[DIRECTIONS FOR THIS TASK] From the entries below, write out exactly the lines between the line holding "Istanbul with birds" and the line holding "Countertop with Mirror", inclusive, excluding any pictures.

━━━━━ MATERIALS PROVIDED ━━━━━

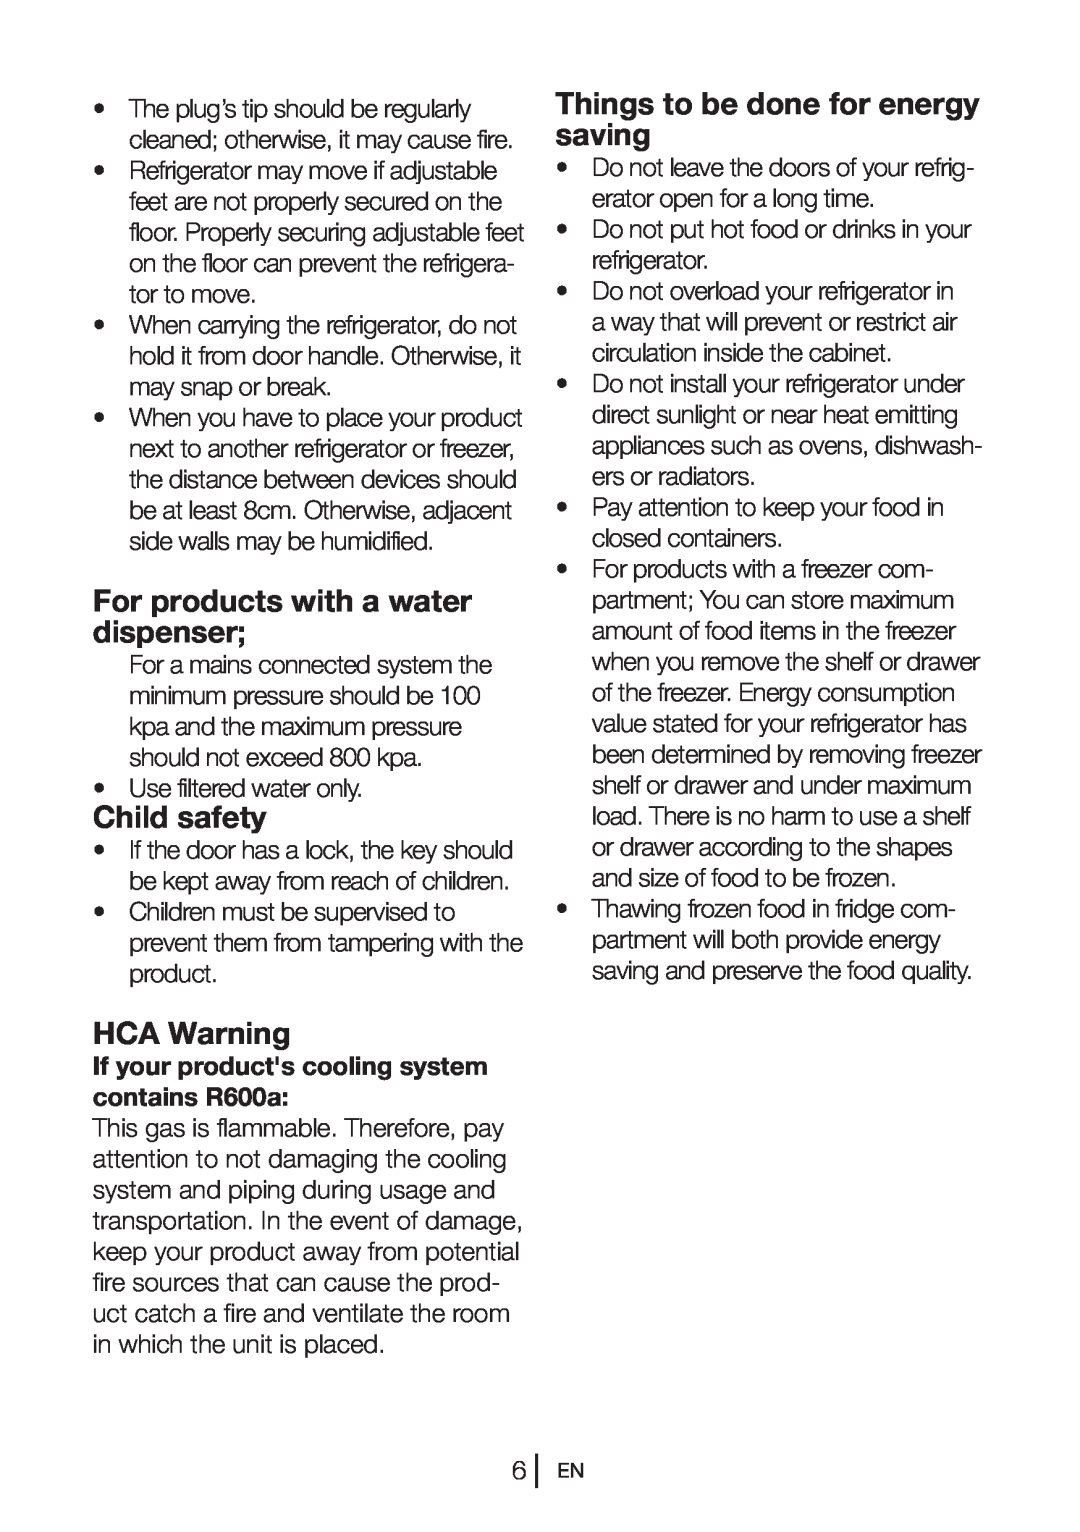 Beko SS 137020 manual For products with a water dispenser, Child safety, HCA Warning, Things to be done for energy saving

━━━━━
━━━━━ MATERIALS PROVIDED ━━━━━

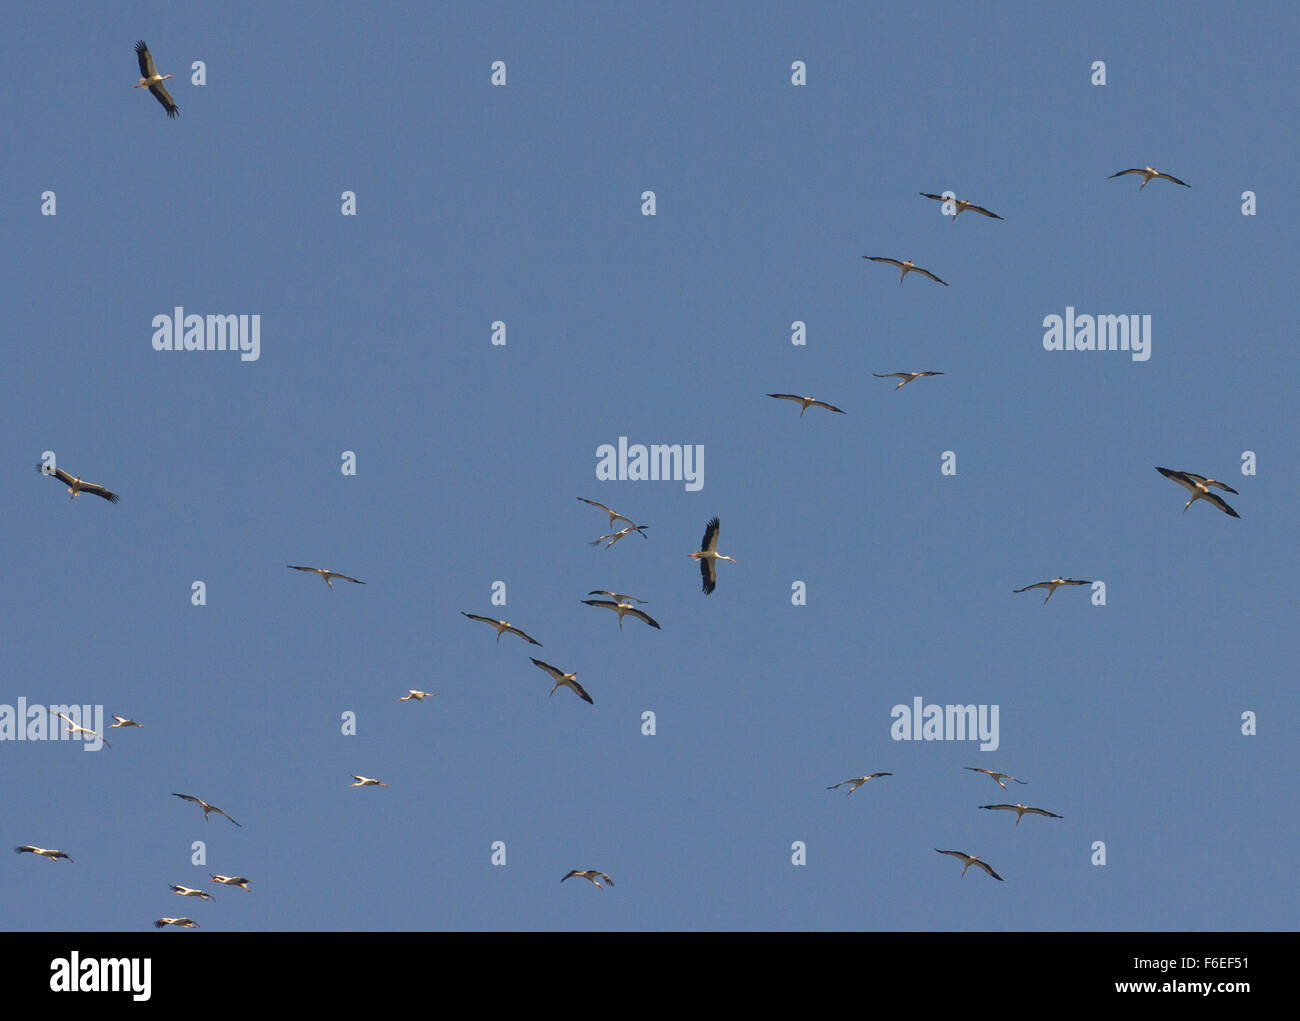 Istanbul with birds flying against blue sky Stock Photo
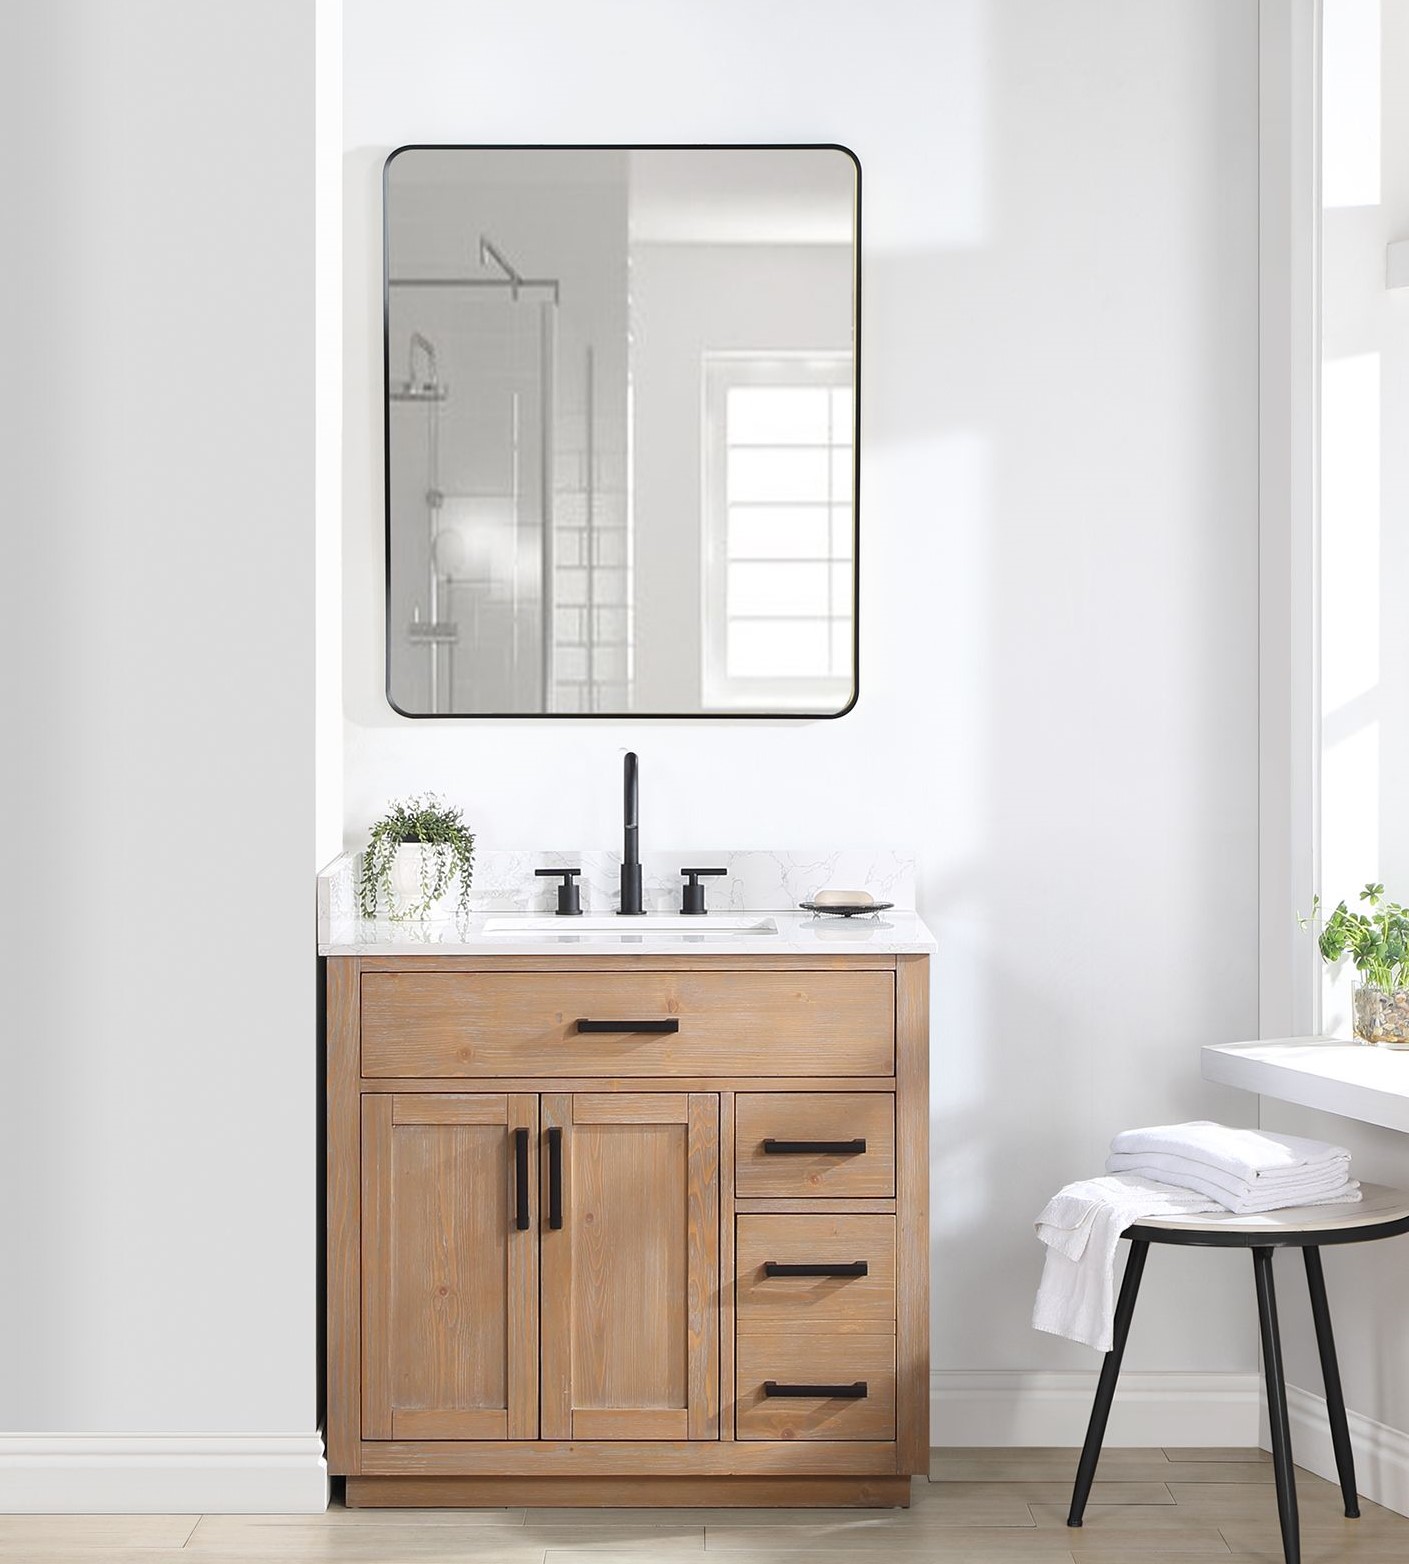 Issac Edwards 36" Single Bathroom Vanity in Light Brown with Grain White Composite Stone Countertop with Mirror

━━━━━
━━━━━ MATERIALS PROVIDED ━━━━━

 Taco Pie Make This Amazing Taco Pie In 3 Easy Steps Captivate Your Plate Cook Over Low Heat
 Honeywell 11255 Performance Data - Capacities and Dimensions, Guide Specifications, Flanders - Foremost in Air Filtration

━━━━━

[REPLY]
 Istanbul with birds flying against blue sky Stock Photo
 Issac Edwards 36" Single Bathroom Vanity in Light Brown with Grain White Composite Stone Countertop with Mirror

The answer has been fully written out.